*DATA SHOWN*:
⁂
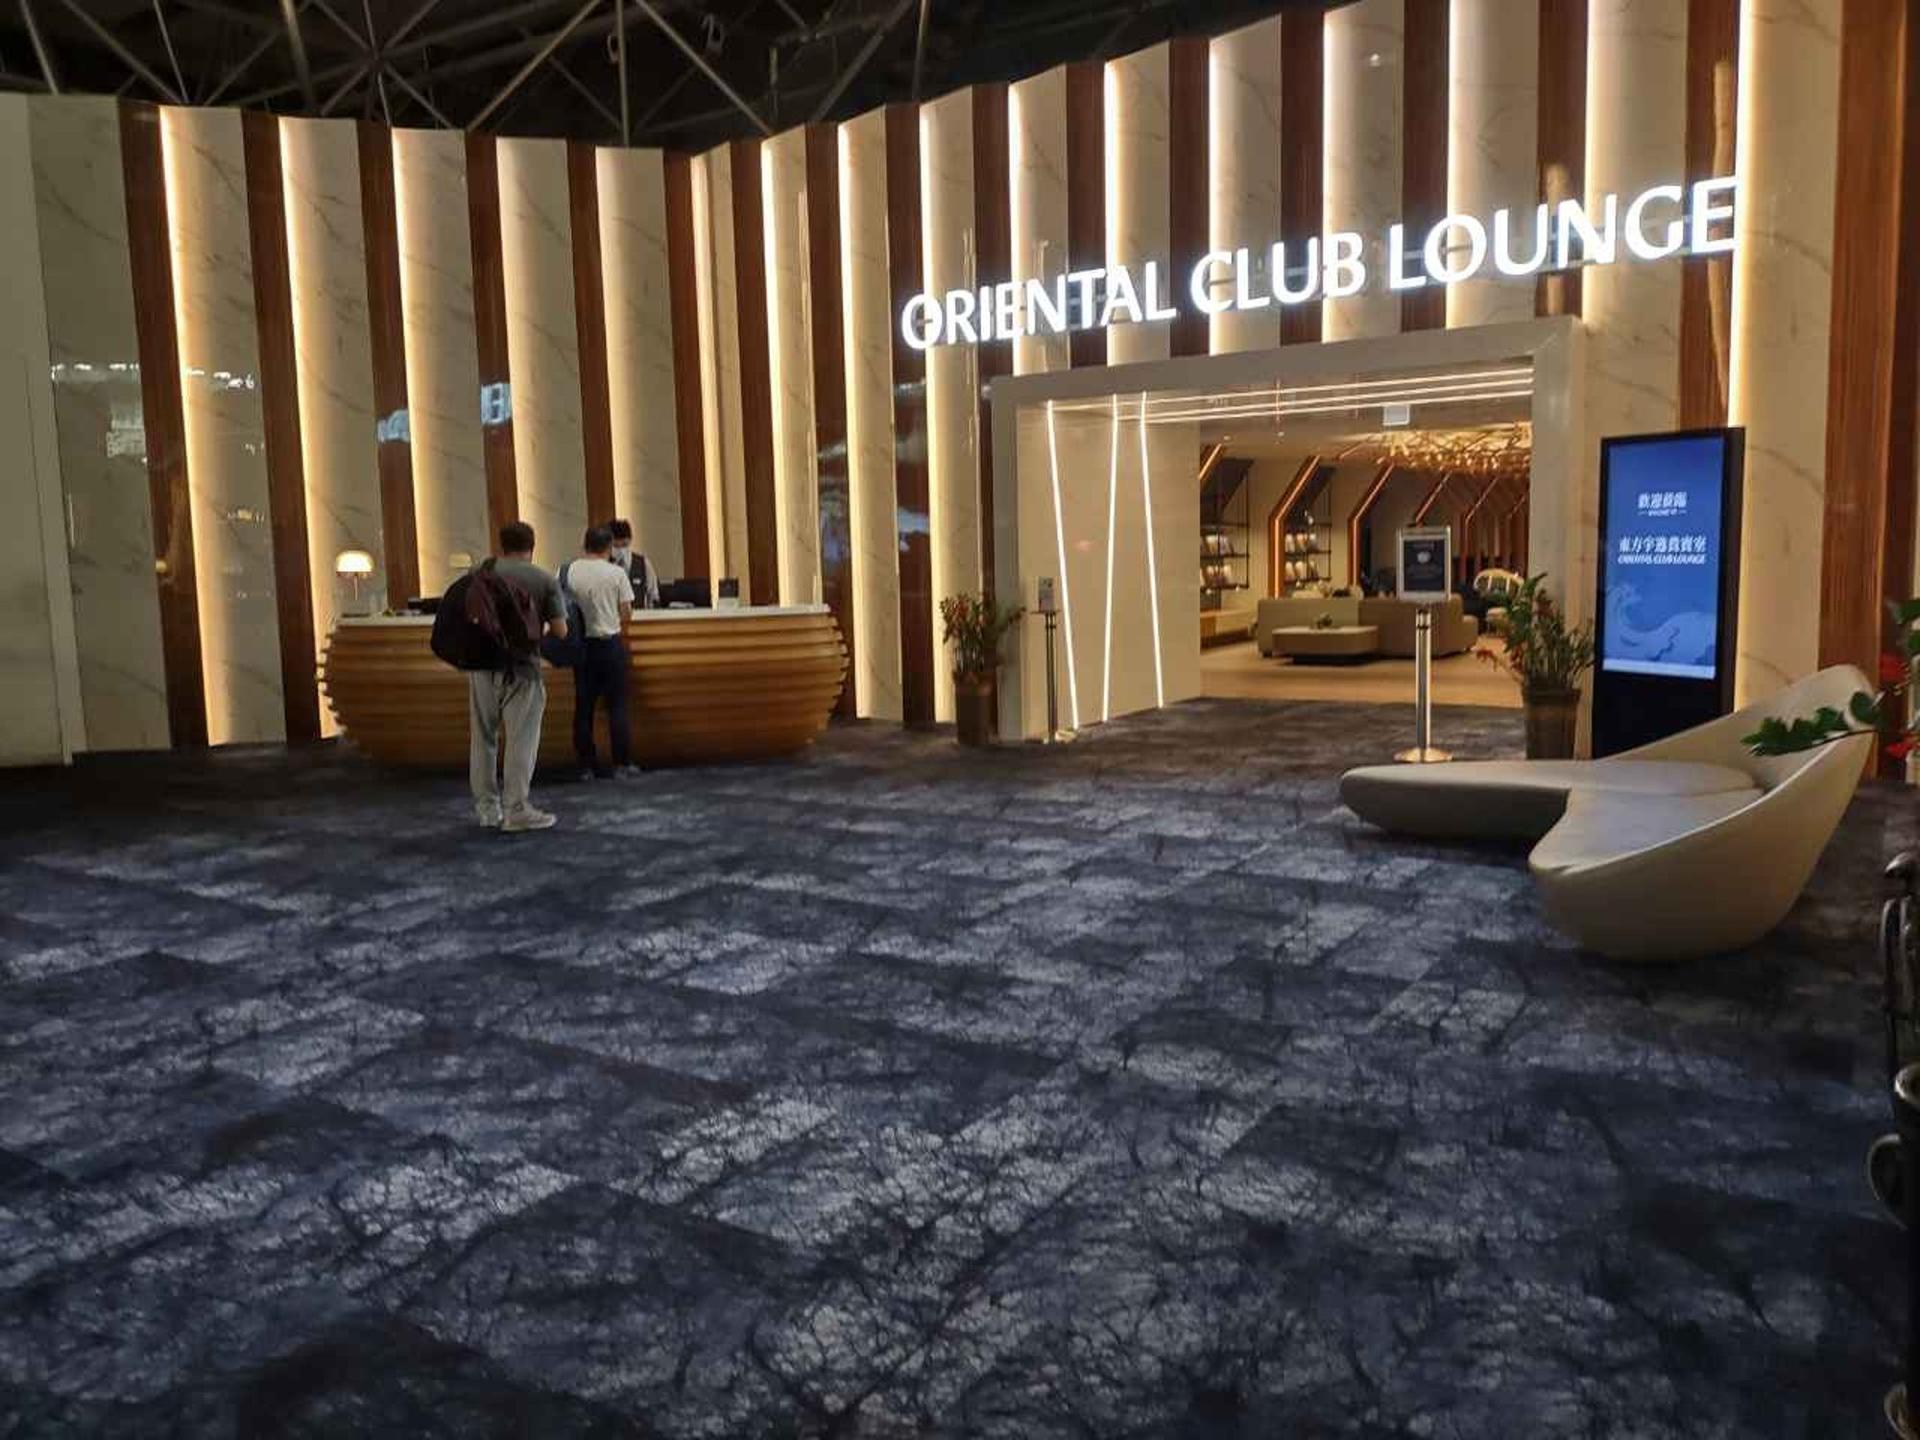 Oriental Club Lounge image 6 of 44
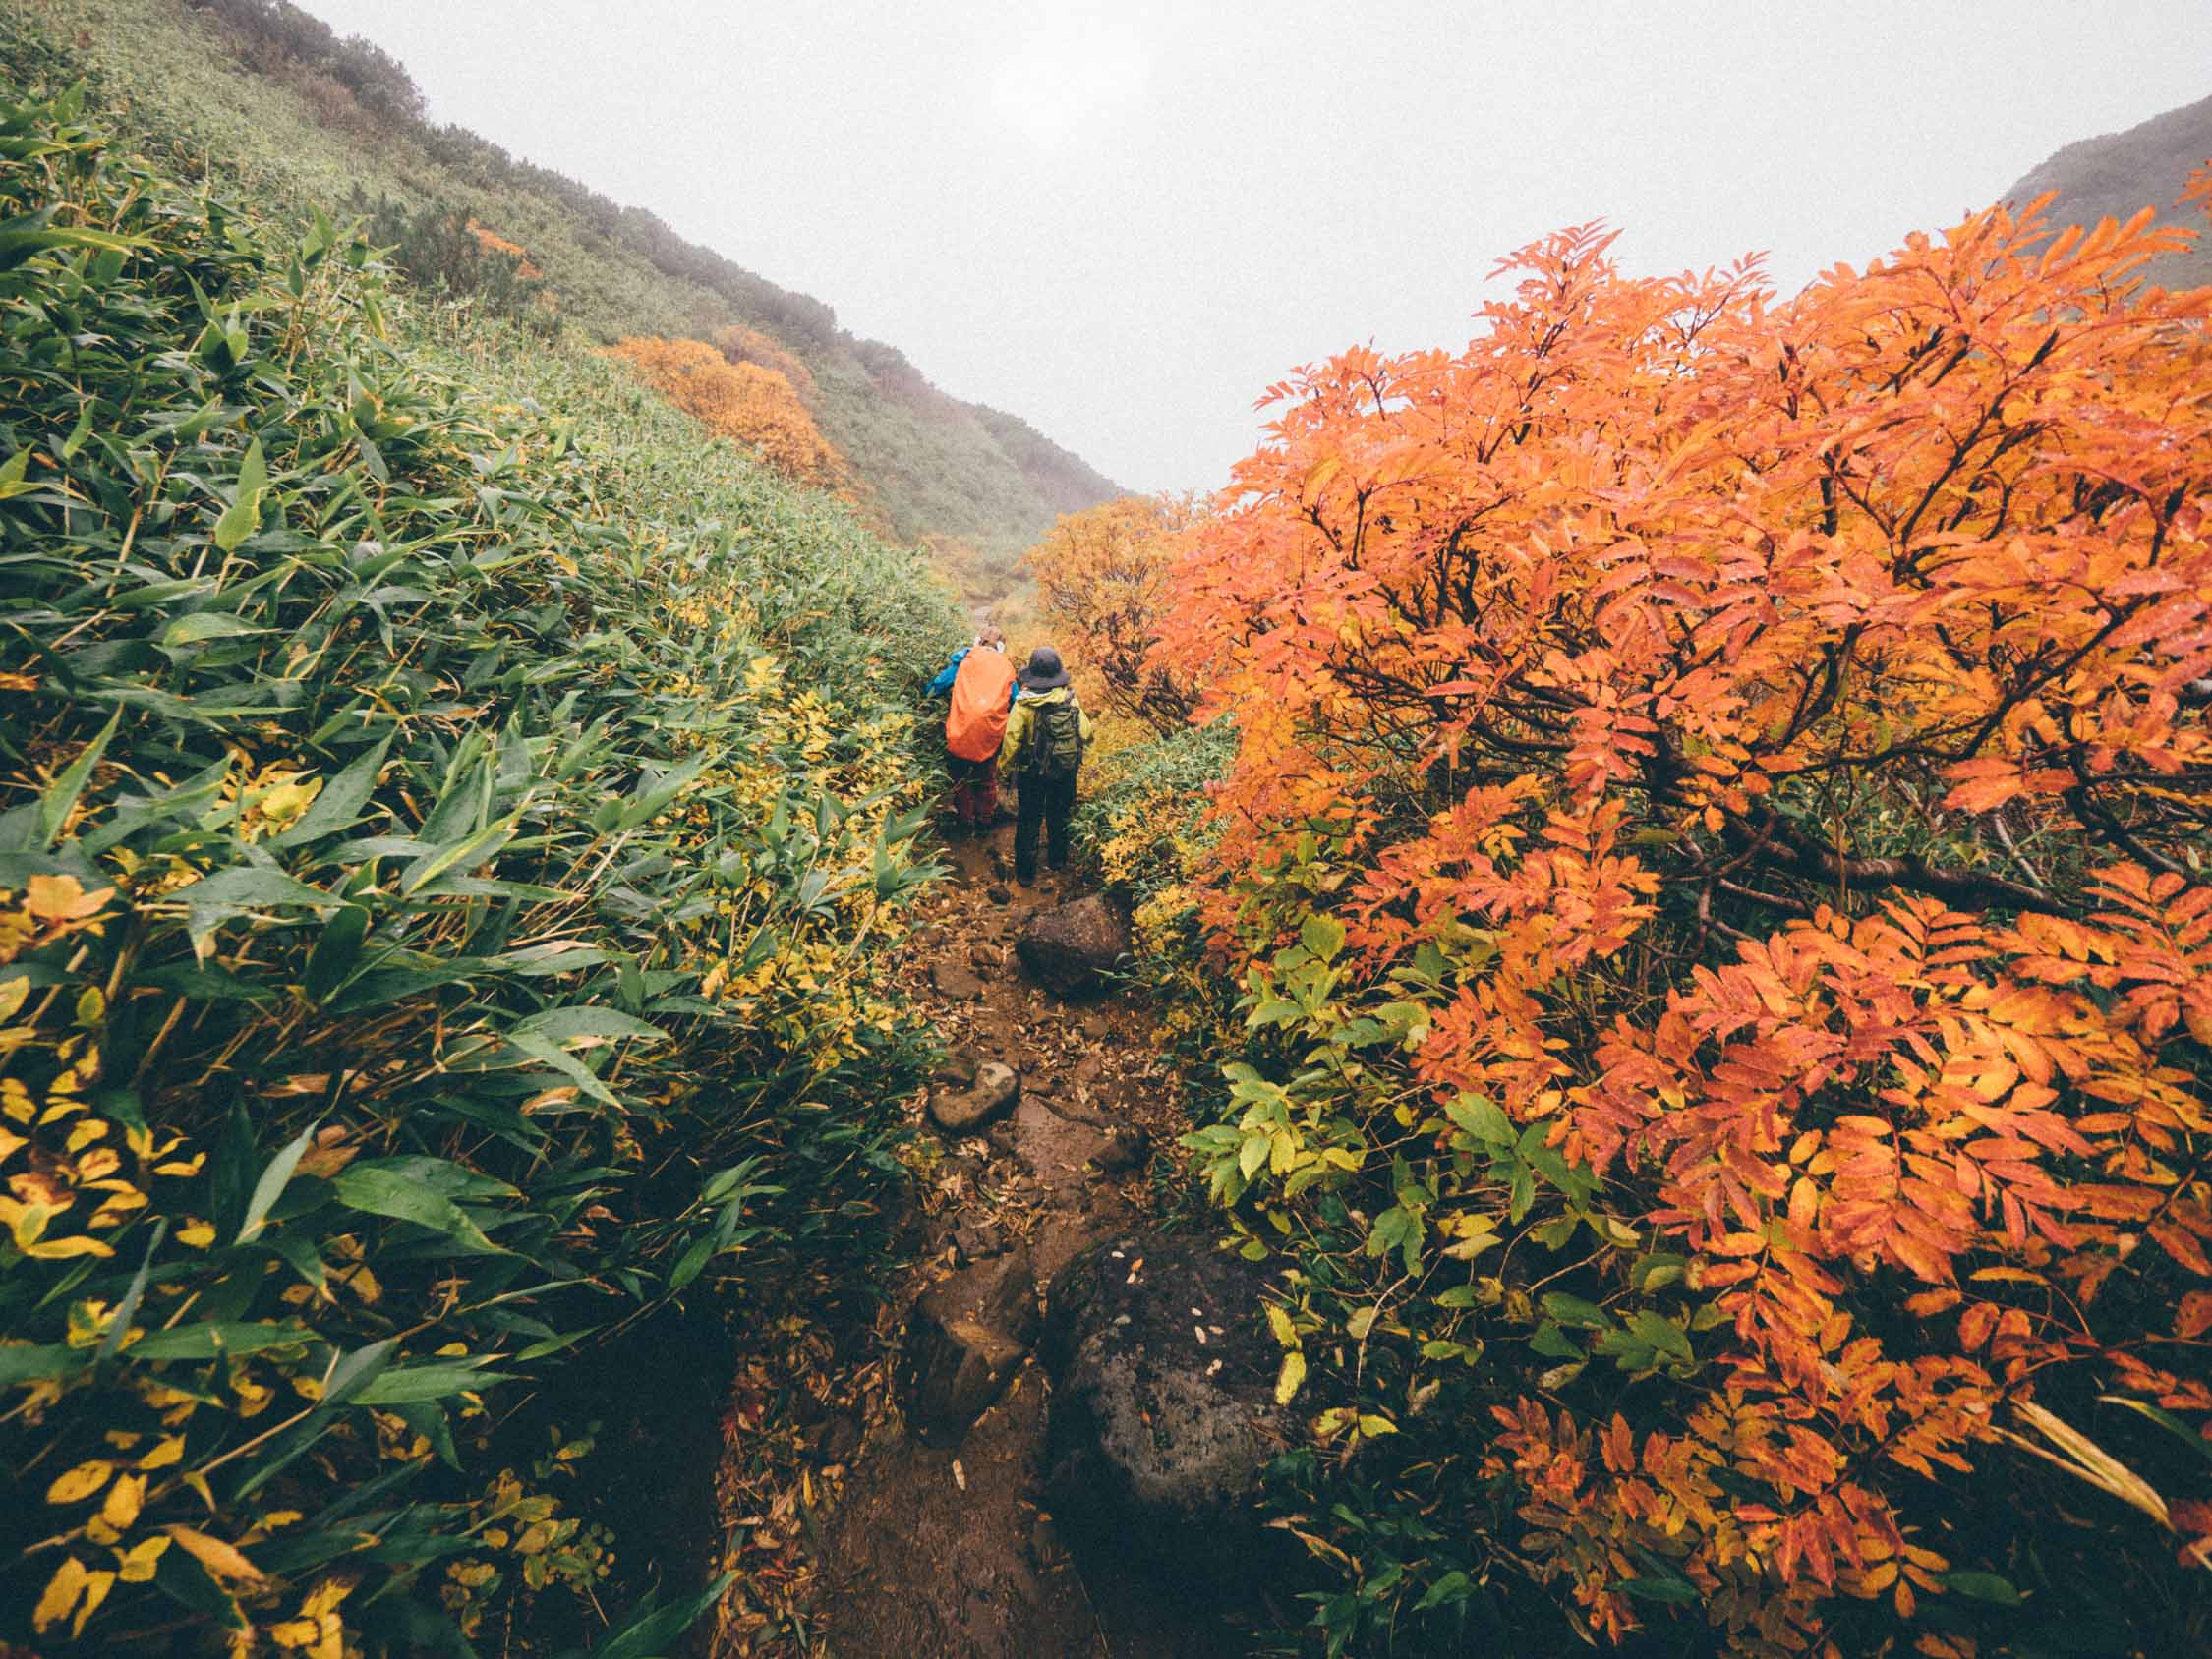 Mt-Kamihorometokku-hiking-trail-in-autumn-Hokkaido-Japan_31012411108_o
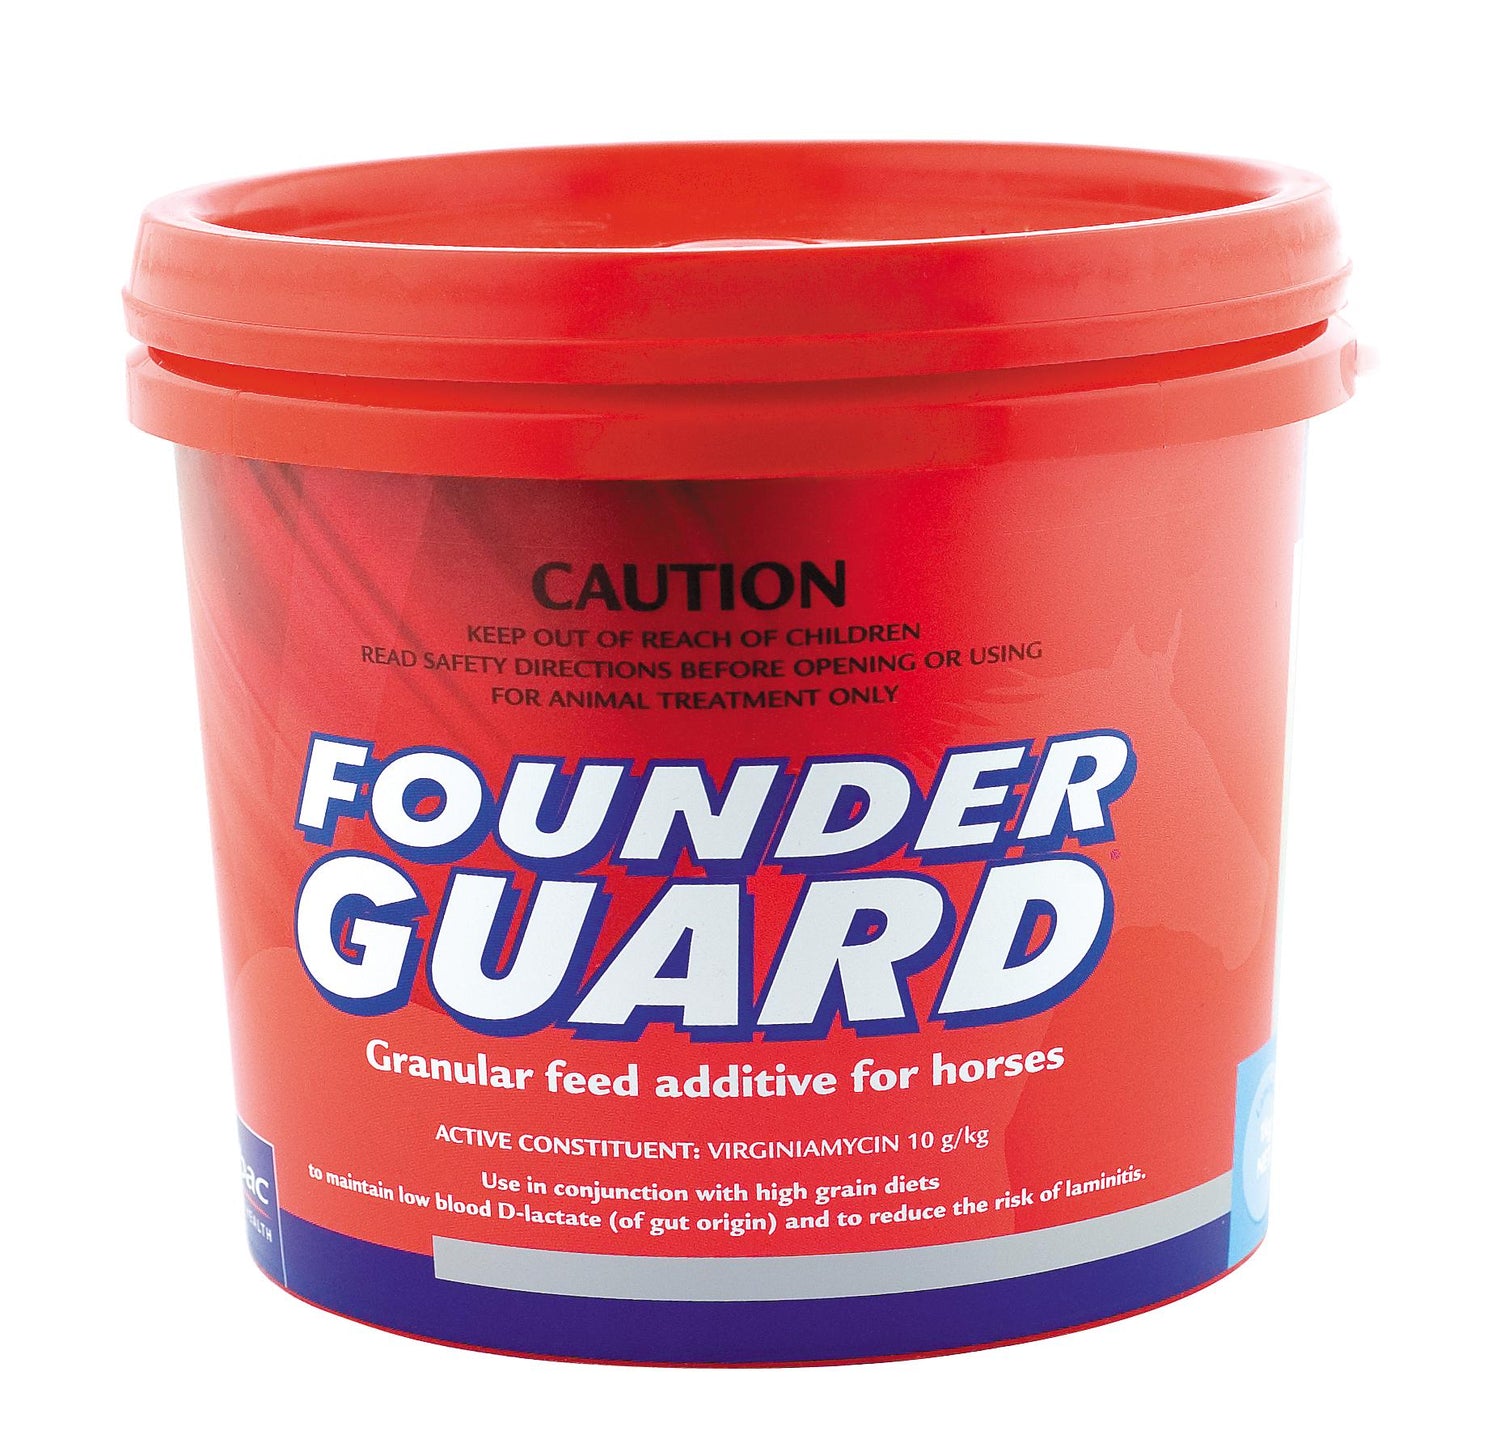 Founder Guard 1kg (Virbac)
⁂
*TASK DIRECTIONS*:
Reproduce the material word for word, pictures excluded.

*EXERCISE ANSWER*:
 Oriental Club Lounge image 6 of 44
 Mt-Kamihorometokku-hiking-trail-in-autumn-Hokkaido-Japan_31012411108_o
 Founder Guard 1kg (Virbac)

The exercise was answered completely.